Вопрос о двух литературах, вроде бы давно закрытый, для меня отнюдь не закрыт: я, хоть и пишу по-русски, чувствую себя совершенно отторгнутым от литературы в России, точнее, от той части русской литературы, которая существует в самой России.

Вы спрашиваете о литературной жизни – очевидно, русской – в Мюнхене. Здесь есть несколько литературных кружков, один из них я изредка посещаю. Любопытная вещь: первая послереволюционная эмиграция называла себя последней. Старики вымирают, дети натурализуются. Но пришла война, и с ней вторая эмиграция. Она тоже считала себя лишённой будущего. Прошло ещё несколько десятилетий, явилась третья волна (к которой я принадлежу), потом советская власть рухнула, и снова, теперь уже как будто с полным основанием, заговорили о том, что самое понятие эмиграции лишилось смысла. Ан нет: возникла новая эмигрантская литература.

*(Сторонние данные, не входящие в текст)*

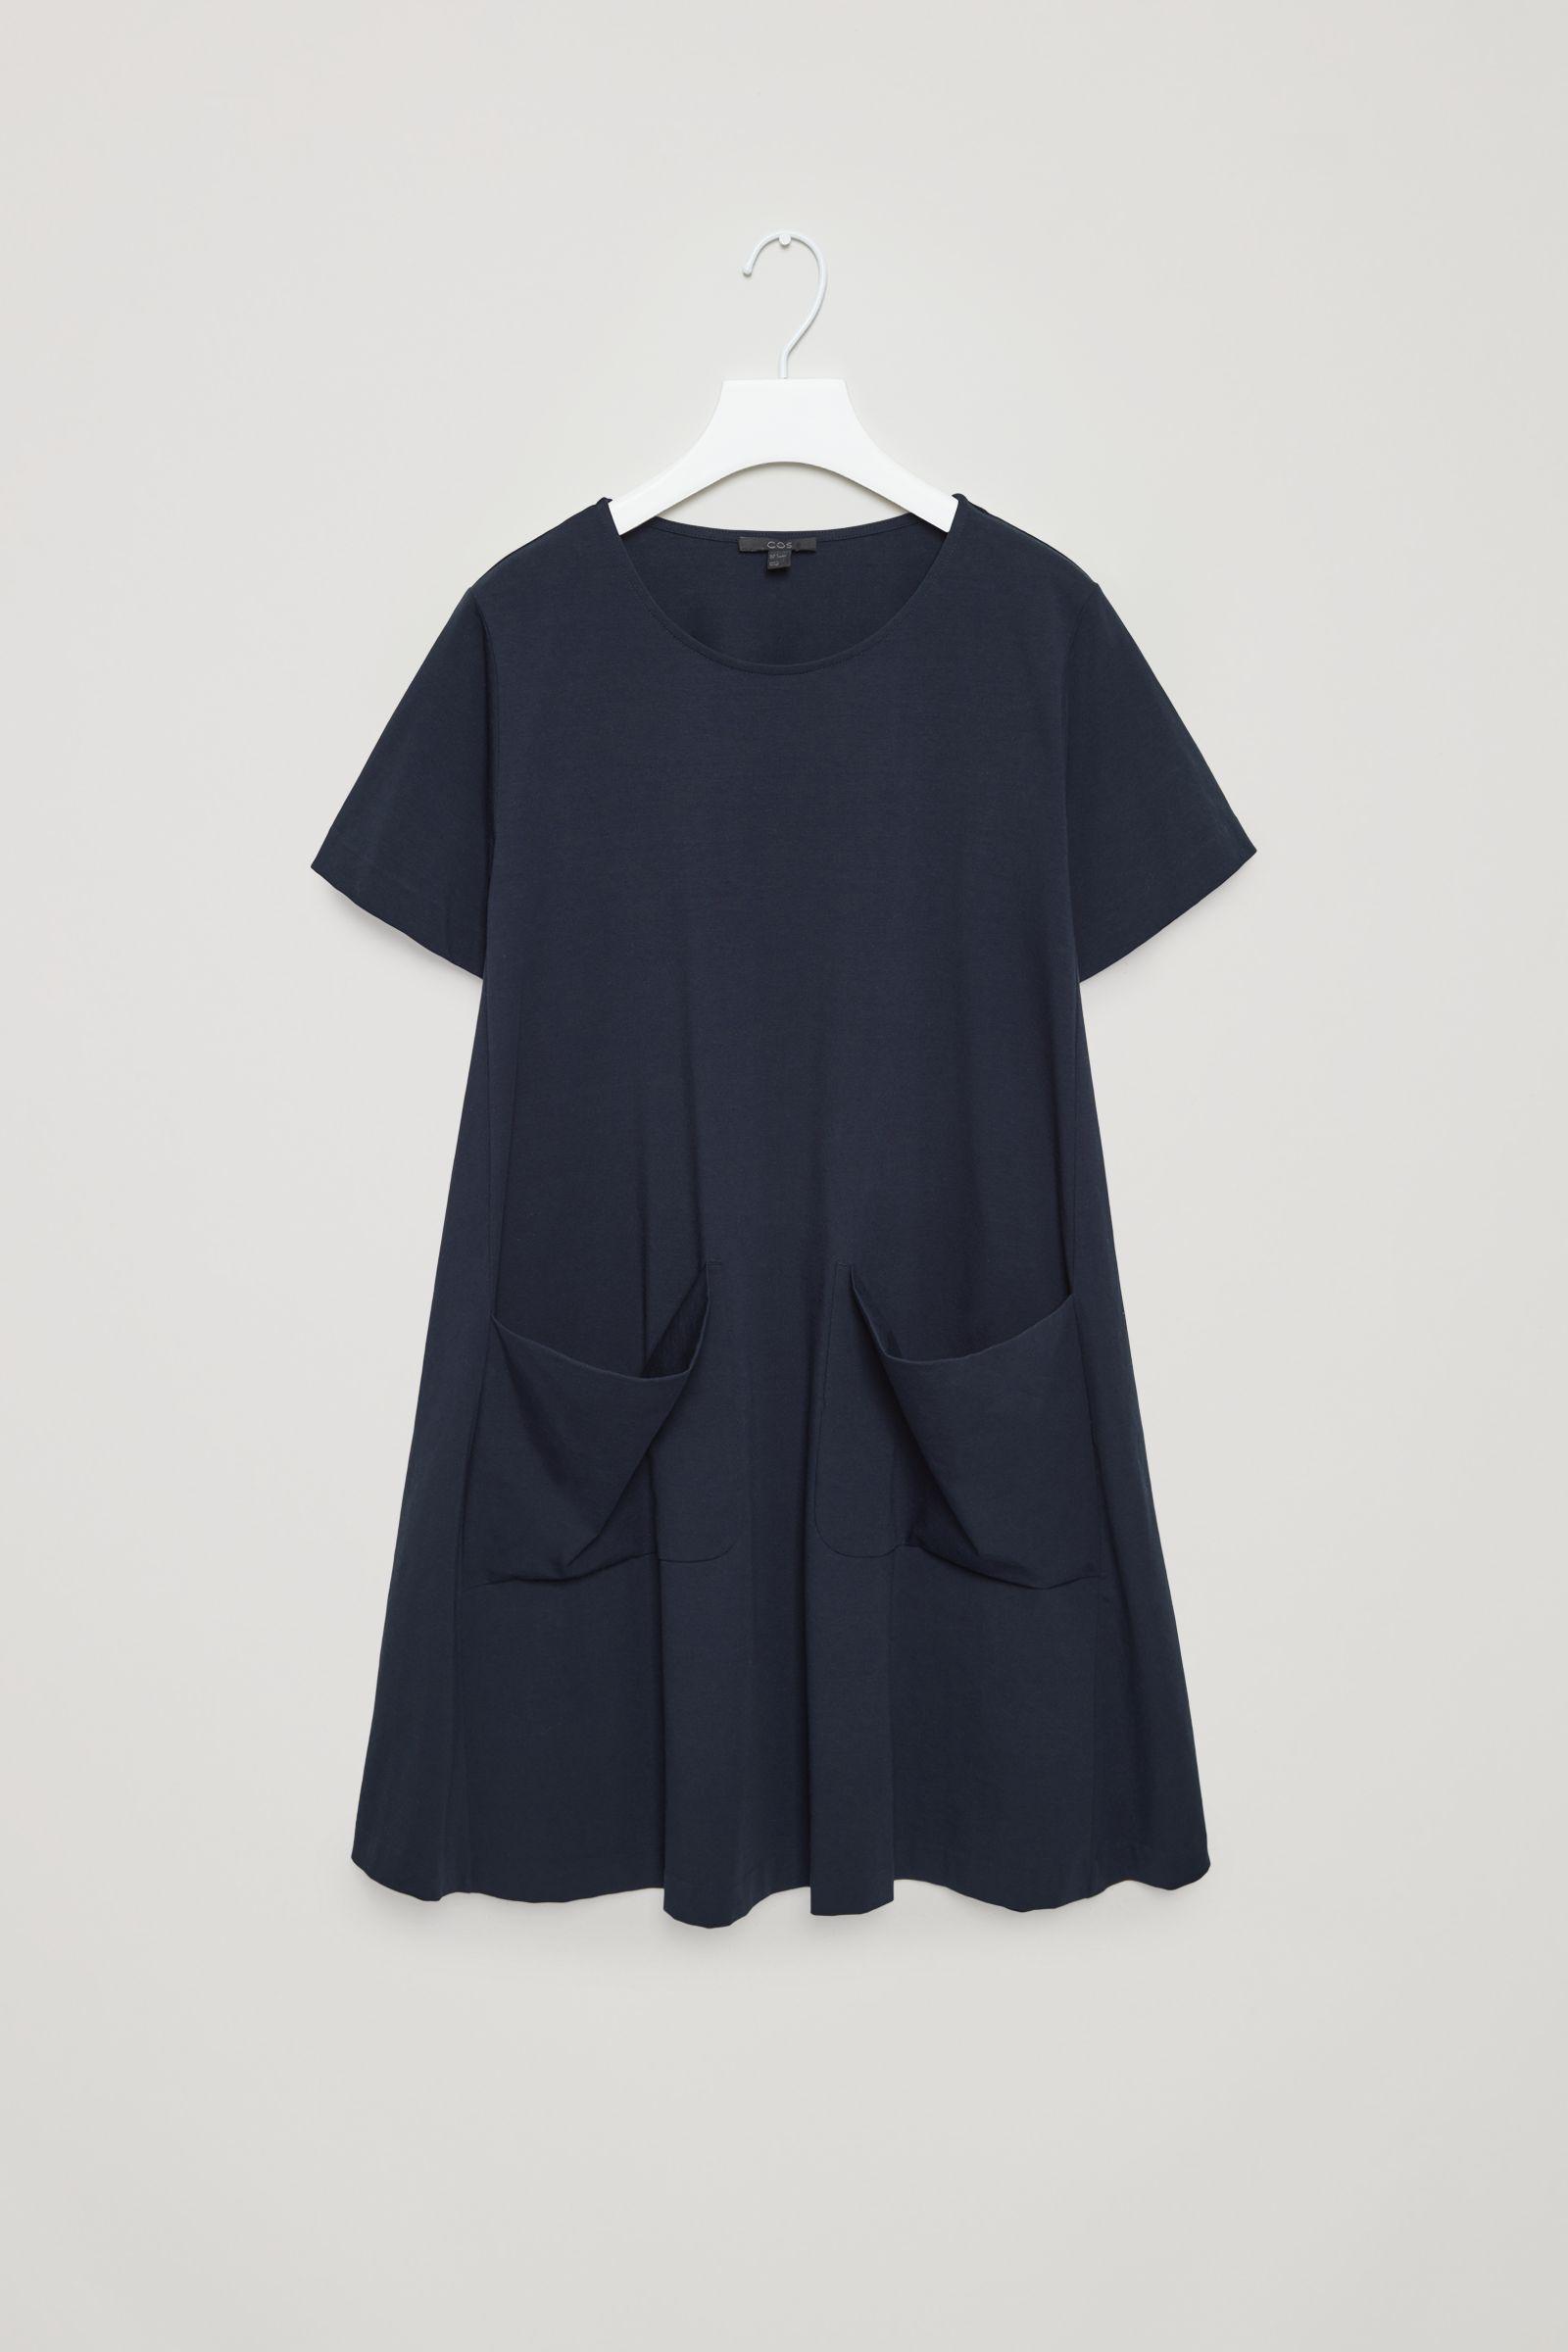 COS A-line Jersey Dress in Blue | Lyst
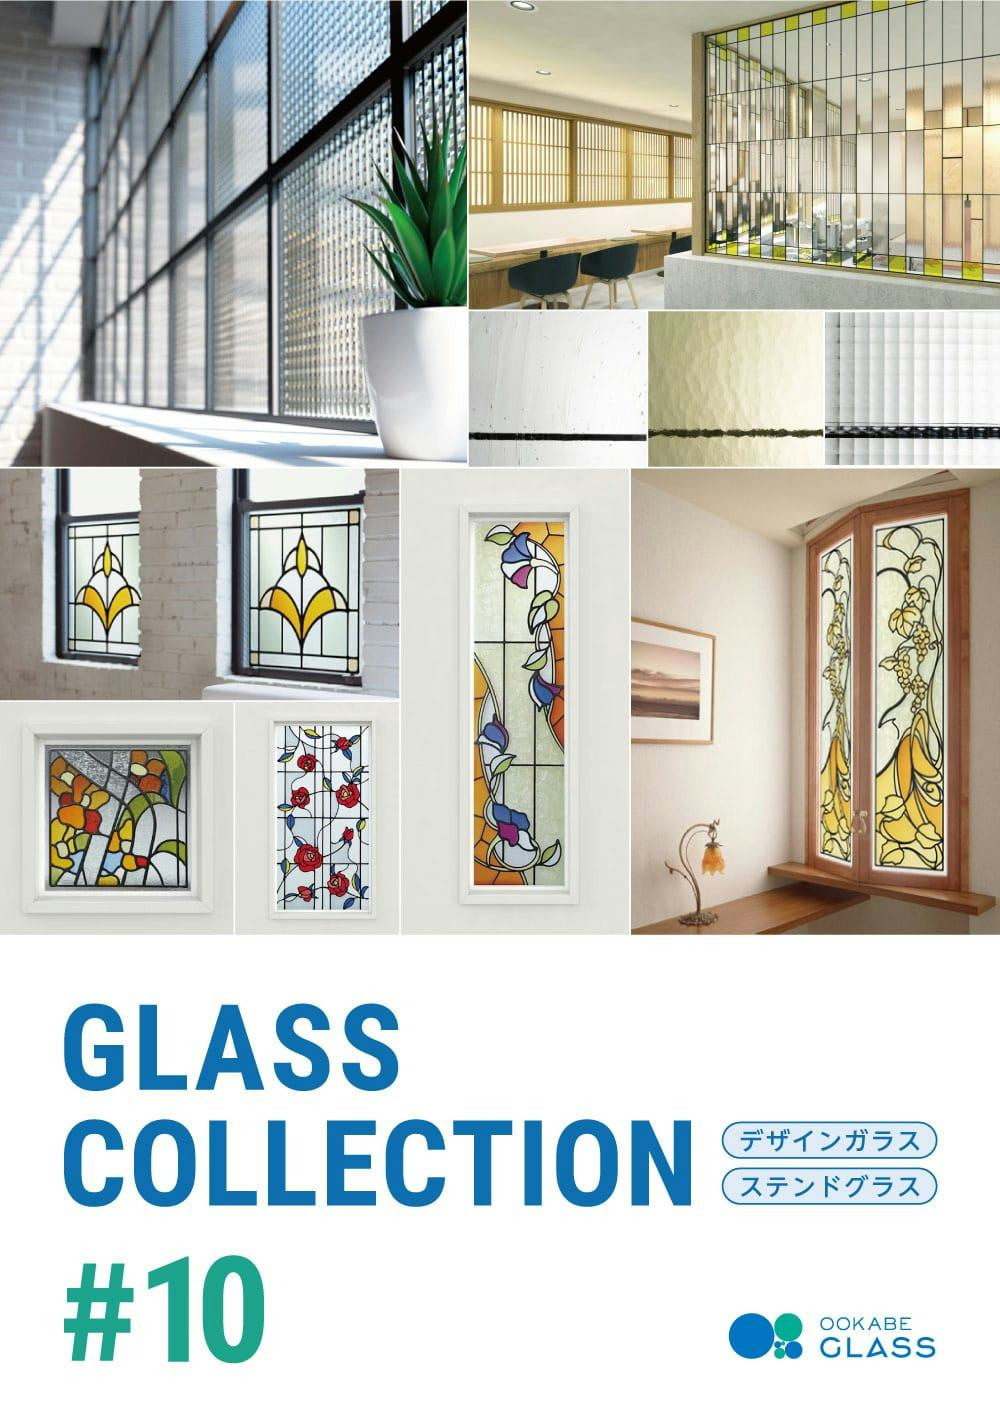 OOKABEb GLASSのガラスの総合カタログ「GLASS COLLECTION Vol.10」の表紙

Небольшие тексты Мих. Безродного я как-то раз читал в журнале «Крещатик» (есть такой, но не в Киеве, а в Германии), они показались мне претенциозными, и ничего другого я уже не стал читать – может быть, напрасно.

Дорогая Влада, держитесь. Пишите о чём хотите, мне интересно всё, что касается Вашей жизни, работы и мысли. Не можете ли Вы прислать Ваш доклад о «русско-немецкой коммуникации»?

Жму руку.

Ваш ГФ.


12.02.04

Дорогая Влада, в словах питерского иконописца показалось мне, по правде говоря, что-то не того; послышался отзвук чего-то заимствованного. Страдание в такой же мере обогащает человека, как и калечит. Это, конечно, долгая и скользкая тема, но любимая мысль Достоевского сейчас, оглядываясь на минувший век, звучит, по-моему, чуть ли не насмешкой.

Мою рецензию на книгу Н. Ивановой отвергли, так как, по правилам журнала «Знамя», рецензии на сочинения собственных сотрудников они не помещают. Это вполне резонно. Но вообще-то меня в этом журнале, как мне кажется, не очень любят.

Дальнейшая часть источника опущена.